The crystallinity of HAP has been shown to correlate with the metal ion adsorption behavior. Stötzel et al. [24] and Rosskopfová et al. [19] showed that highly crystalline HAP particles, which were calcined at elevated temperatures of 700–1000 °C, had a lower adsorption capacity than low-level crystalline HAP particles. In this study, however, HAP particles calcined at 200 and 900 °C exhibited the same adsorption performance, indicating the absence of a correlation between crystallinity and Sr2+ adsorption.

Tricalcium phosphate (Ca3(PO4)2, TCP) exhibits Sr2+ adsorption with a lower activity than HAP [25]. TCP does not show an apatite structure and the Sr2+ is thought to enter the heterogeneous structure of TCP with chemical reactions. We tested 9 kinds of TCP with different particle sizes, which were prepared by calcination at different temperatures (200–1250 °C). TCPs calcined at higher temperatures showed a moderate Sr2+ adsorption behavior. However, no Sr2+ adsorption was observed on TCPs calcined at a lower temperature (200 °C).

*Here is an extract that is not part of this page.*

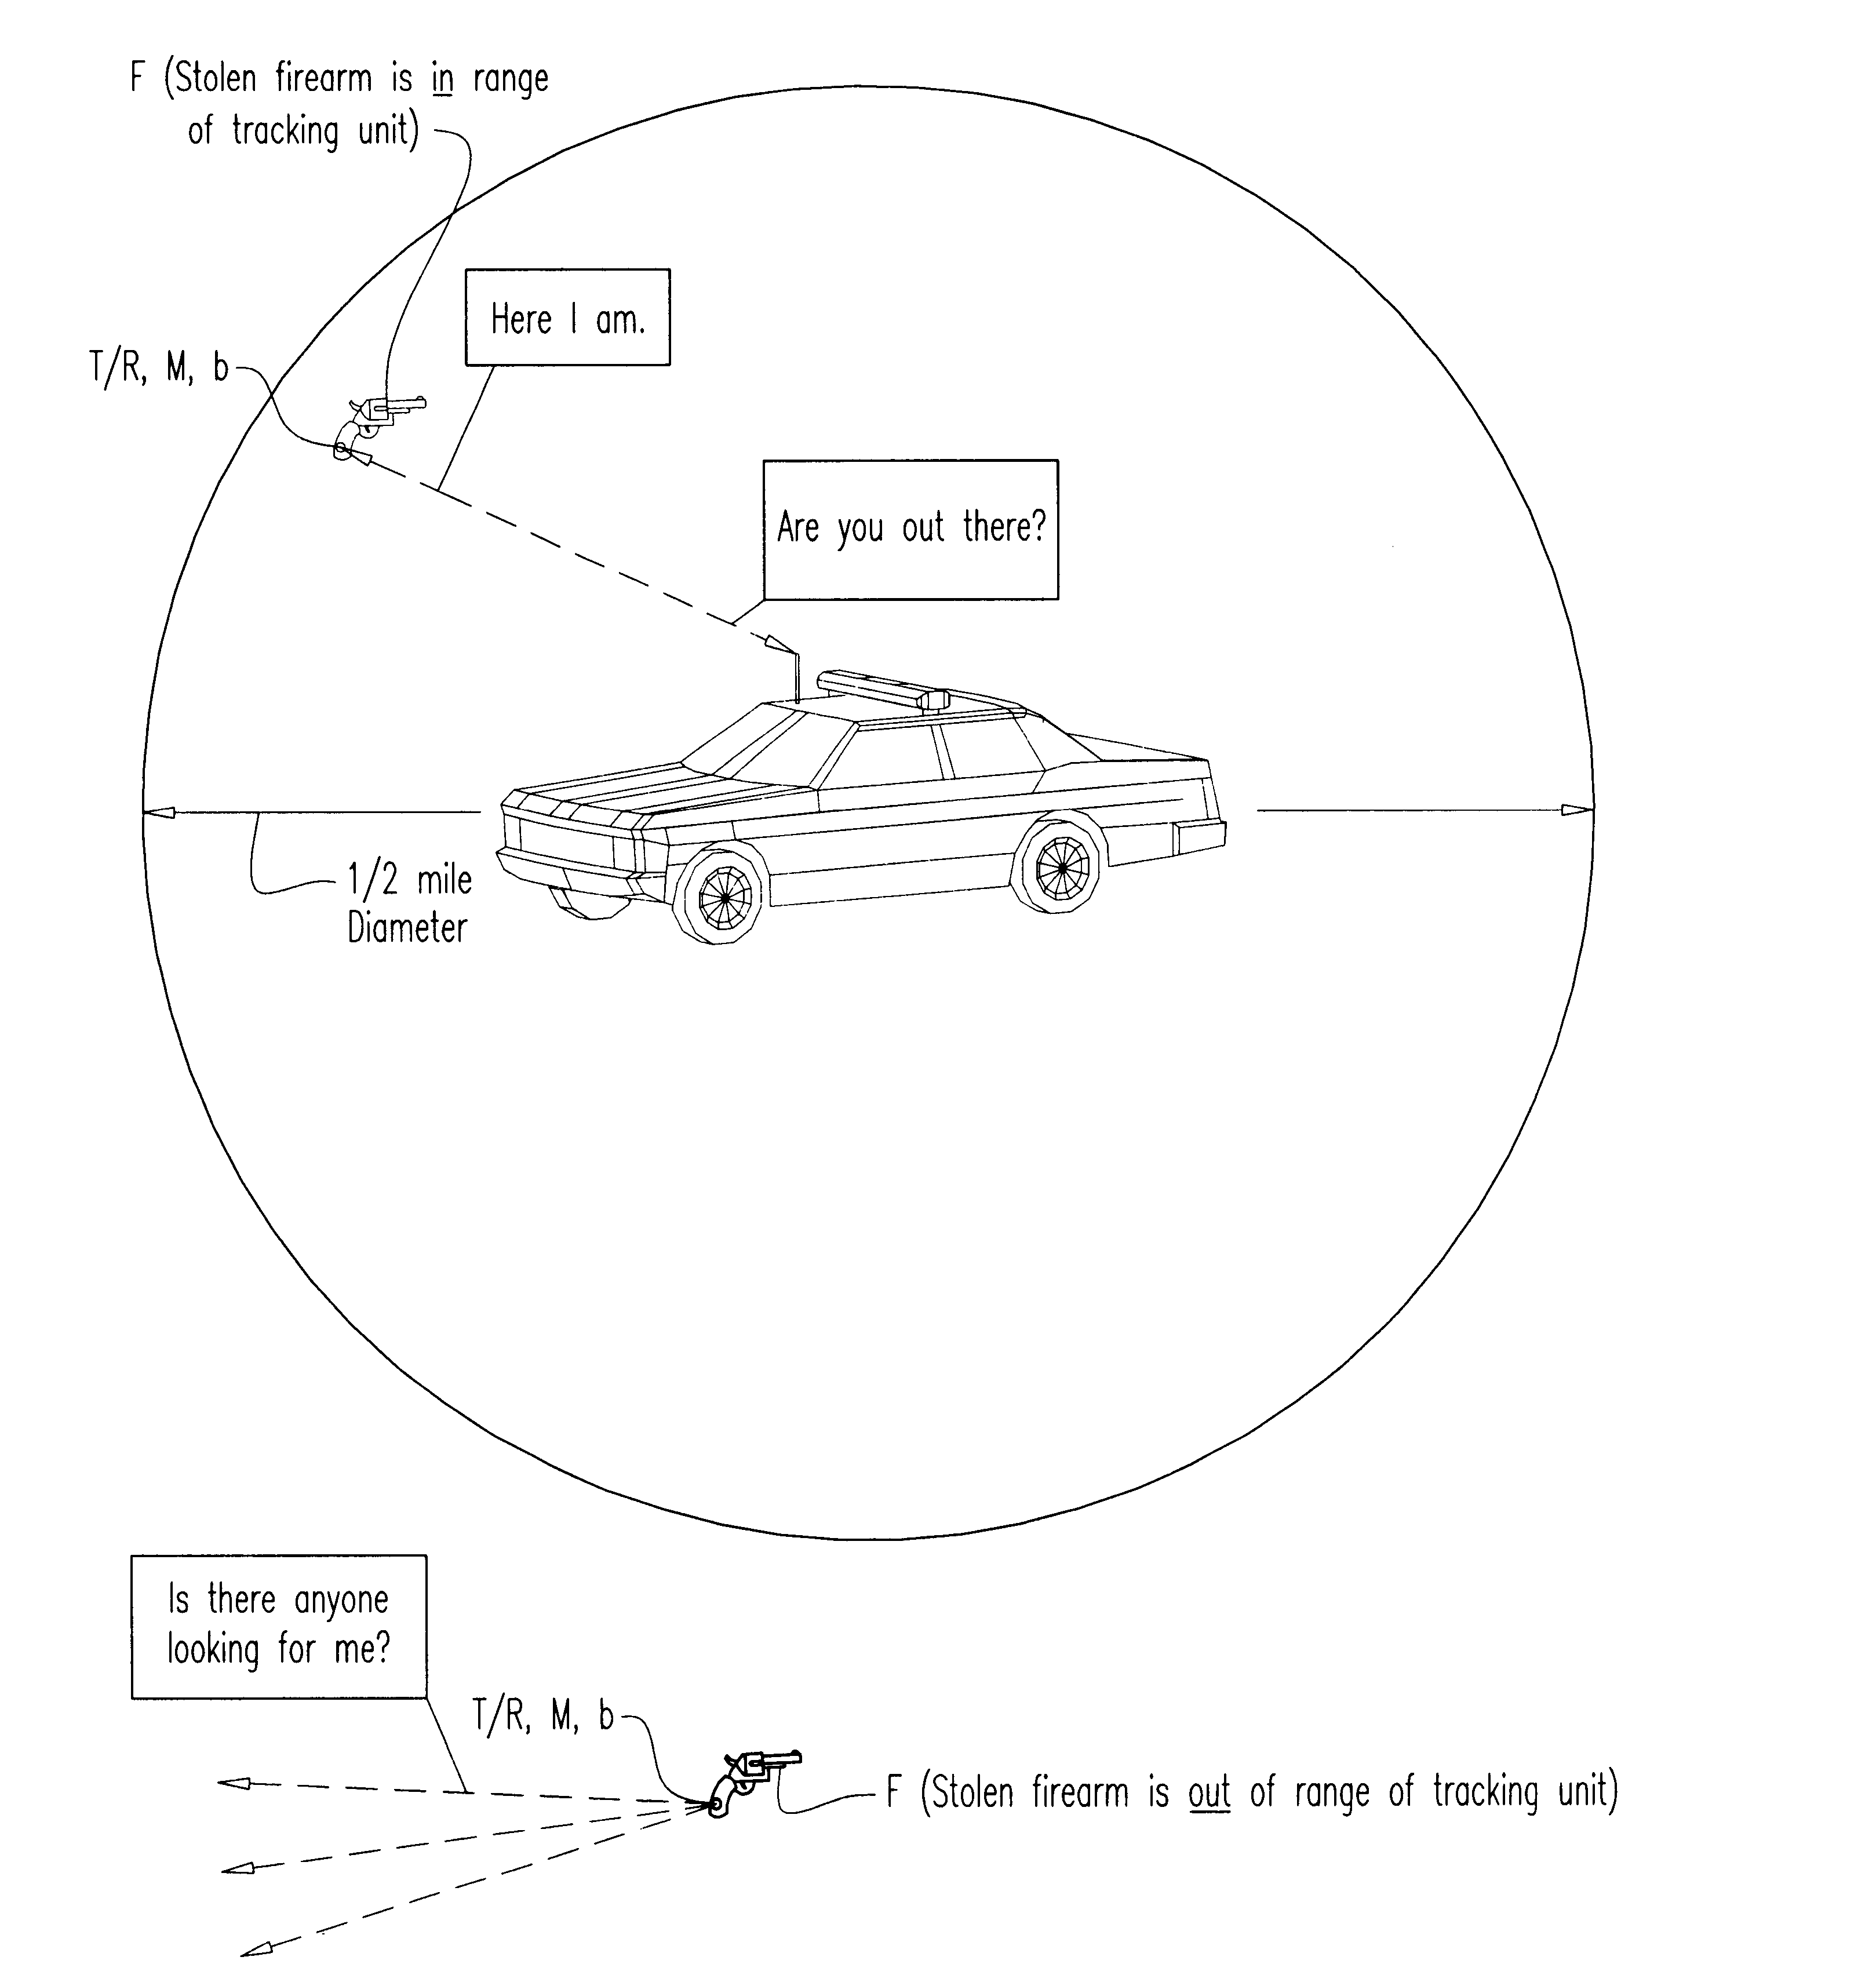 System and method for improving the security of storage of firearms and other objects, and for aiding the recovery of such if removed from storage

Another factor influencing Sr2+ adsorption is the presence of competing cations. Sr is an alkaline-earth metal element and it behaves similarly to Ca, Mg, and Ba. Smičiklas et al. [26] reported the effect of alkaline-earth metal ions (Ca2+ and Mg2+) and alkaline metal ions (Na+ and K+) on Sr2+ adsorption onto HAP using the batch method. Competing cations decreased by 60–70 % on Sr2+ adsorption. Natural samples contain large quantities of Na+, K+, and Ca2+. The separation of tracer amounts of 90Sr from these cations is particularly important. In our study, Mg2+ had little effect on the removal of 90Sr. The adsorption of 90Sr was not influenced in the presence of 1 mmol L−1 Ca2+. It decreased by 20 % with an increase of Ca2+ to 10 mmol L−1. The average amount of Ca2+ in natural water is 15–20 mg L−1 (0.375–0.5 mmol L−1) in Japan [27]. In some areas of Europe, the Ca2+ level in natural water is several times higher than that in Japan, but does not exceed 10 mmol L−1 [28]. Taken together, the present HAP column technique is useful to remove 90Sr from the wastewater as well as natural water in the environment.

Conclusion

In this study, we developed a system to remove strontium from aqueous solution with an HAP column procedure. Divalent competing cations, Ca2+, had little effect on the removal of 90Sr. Our system may be useful to remove 90Sr from wastewater.